VENICE, ITALY -- December 5, 2006 -- Despite pre-existing comorbidities, surgery can be undertaken with acceptable morbidity and mortality in patients with soft-tissue sarcoma (STS) who are over 80 years old, according to research presented here at the 13^th Congress of the European Society of Surgical Oncology (ESSO).

Furthermore, to help combat high local recurrence rates, the indications for radiotherapy should be identical in these patients as in younger age groups.

This analysis from a prospective patient database was presented by principal investigator Andrew J. Hayes, MD, PhD, FRCS, consultant surgeon, sarcoma and melanoma unit, department of surgery, Royal Marsden Hospital, London, United Kingdom.

"Soft tissue sarcomas span quite a substantial age range, from the teenager right the way through to the elderly, but the median age of presentation is in the 5^th decade," Dr. Hayes said in a presentation on November 30^th. However, a significant proportion of patients with the condition present in their 8^th decade.

With the increasing age of the population and improving anaesthetic techniques, it can be expected that surgery for STS will increase in patients over 80. However, there are conflicting outcome data for elderly patients undergoing major cancer surgery, and little data in such patients undergoing surgery for STS.

Dr. Hayes and colleagues conducted their analysis of morbidity and outcome from data extracted from the prospective database covering 3,400 patients over 80 years of age who underwent surgery for STS from 1990 to 2003 at the Royal Marsden Hospital.

The total analysis was subdivided for primary and secondary surgery, and included specialist pathological review and surgical risk scoring, according to the American Society of Anesthesiologists (ASA) and the Portsmouth modified Physiological and Operative Severity Score for Enumeration of Mortality and Morbidity (pPOSSUM) scales. The equivalent survivals for healthy controls were constructed from actuarial life tables.

Of the total 128 patients identified (median age, 83 years), 63 had undergone primary treatment; 13 had undergone non-surgical management, and 52 were referred after surgery elsewhere.

For the 50 patients included in the analysis, the STS characteristics included size (<10 cm, 4%; 5-10 cm, 40%; >10 cm, 56%) and grade (1, 14%; 2, 30%; 3, 56%), with mainly stages IIA (34%) and III (42%) at presentation.

A range of histological subtypes were seen, comprising: leiomyosarcoma (20%), myxofibrosarcoma (malignant fibrous histiocytoma type; 24%), liposarcoma (14%), angiosarcoma (8%), fibrosarcoma (8%), rhabdomyosarcoma (6%), and chondrosarcoma, clear-cell sarcoma, gastrointestinal stromal tumour and synovial sarcoma in single patients (2% each).Undifferentiated pleiomorphic/ spindle cell sarcoma with no obvious cellular lineage was seen in 12% of patients.

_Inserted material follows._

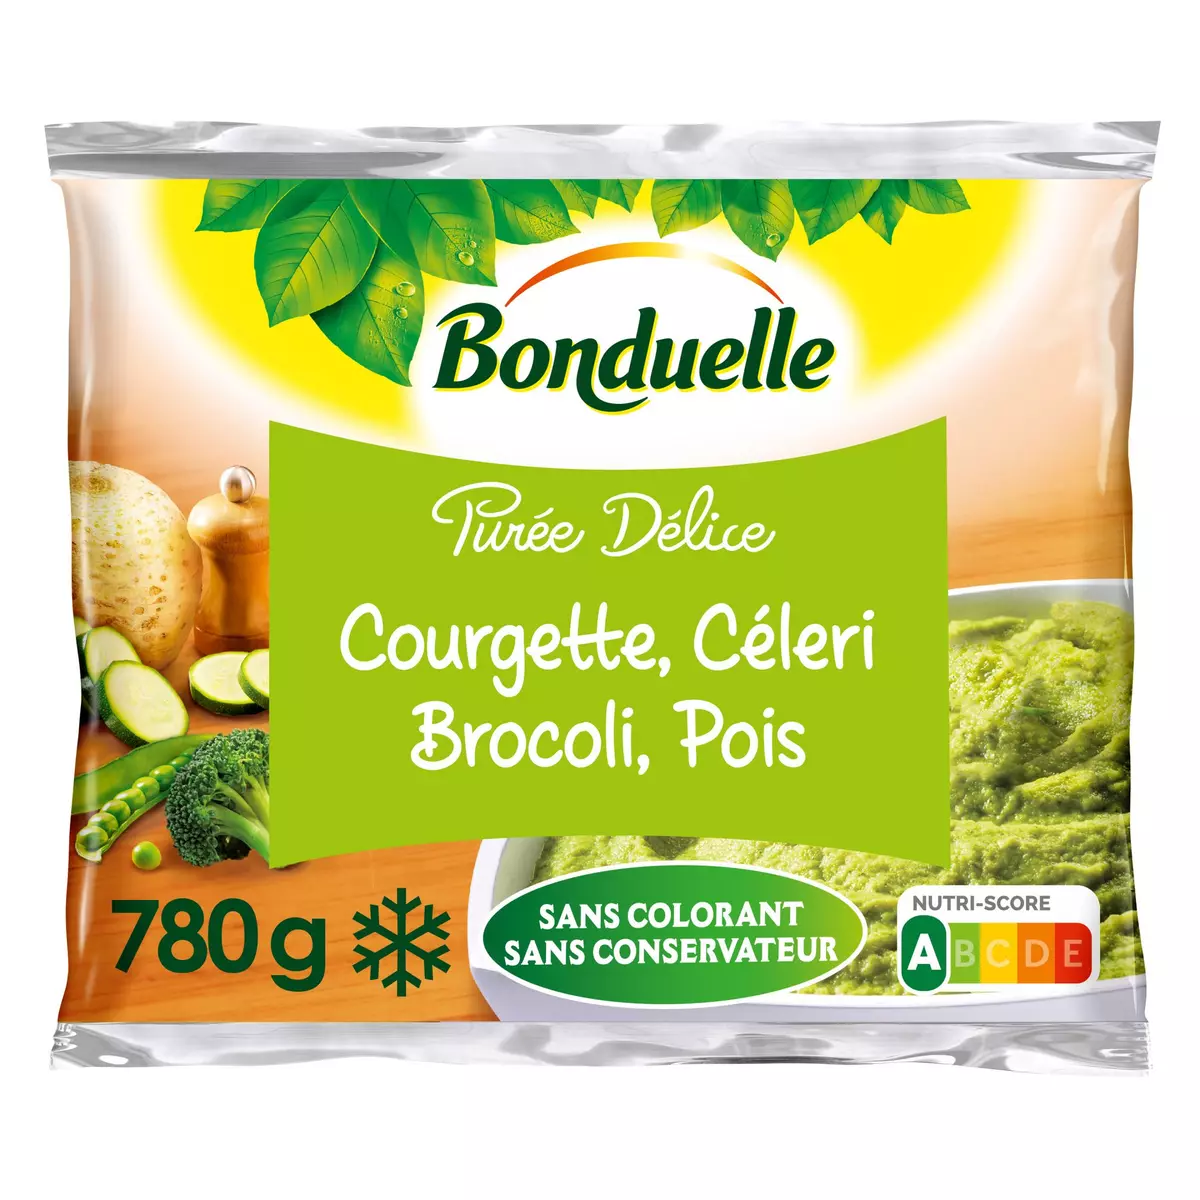 BONDUELLE Purée courgette céleri brocolis et pois 4 portions 780g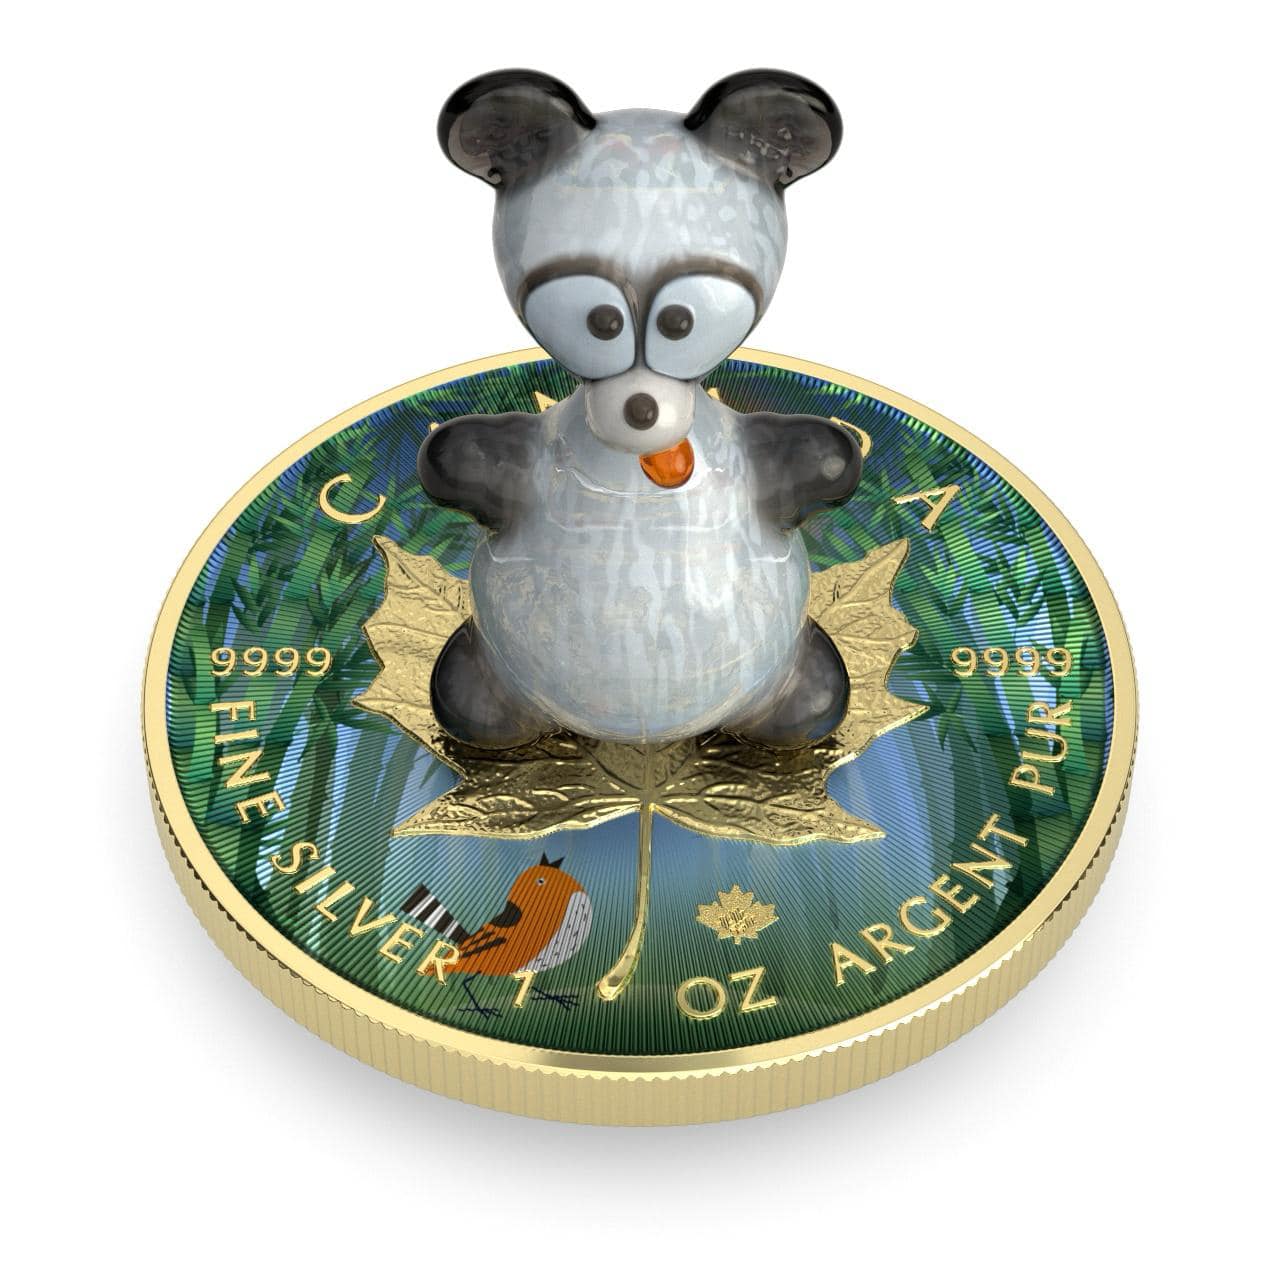 2022 5USD Murano 1oz Silver Coin Panda Captain’s Chest Bullion

Surgical treatments related to the individual sarcomas were for functional compartmental resection (limb or limb girdle; 82%); retro/ intraperitoneal sarcomas (10%; half requiring visceral resection); and chest/ abdominal wall (8%). The primary amputation rate was 4% (Stewart-Treves syndrome), and 10% of patients underwent reconstruction after resection.

As expected, the comorbidities were high, comprising mainly (>10%): hypertension (28%), congestive cardiac failure/ ischaemic heart disease/ myocardial infarction (26%), renal impairment (20%), anaemia (18%), asthma/ chronic obstructive pulmonary disorder (16%), and atrial fibrillation (14%). Of note, 50% of patients had >1 pre-existing morbidity, although 18% showed none.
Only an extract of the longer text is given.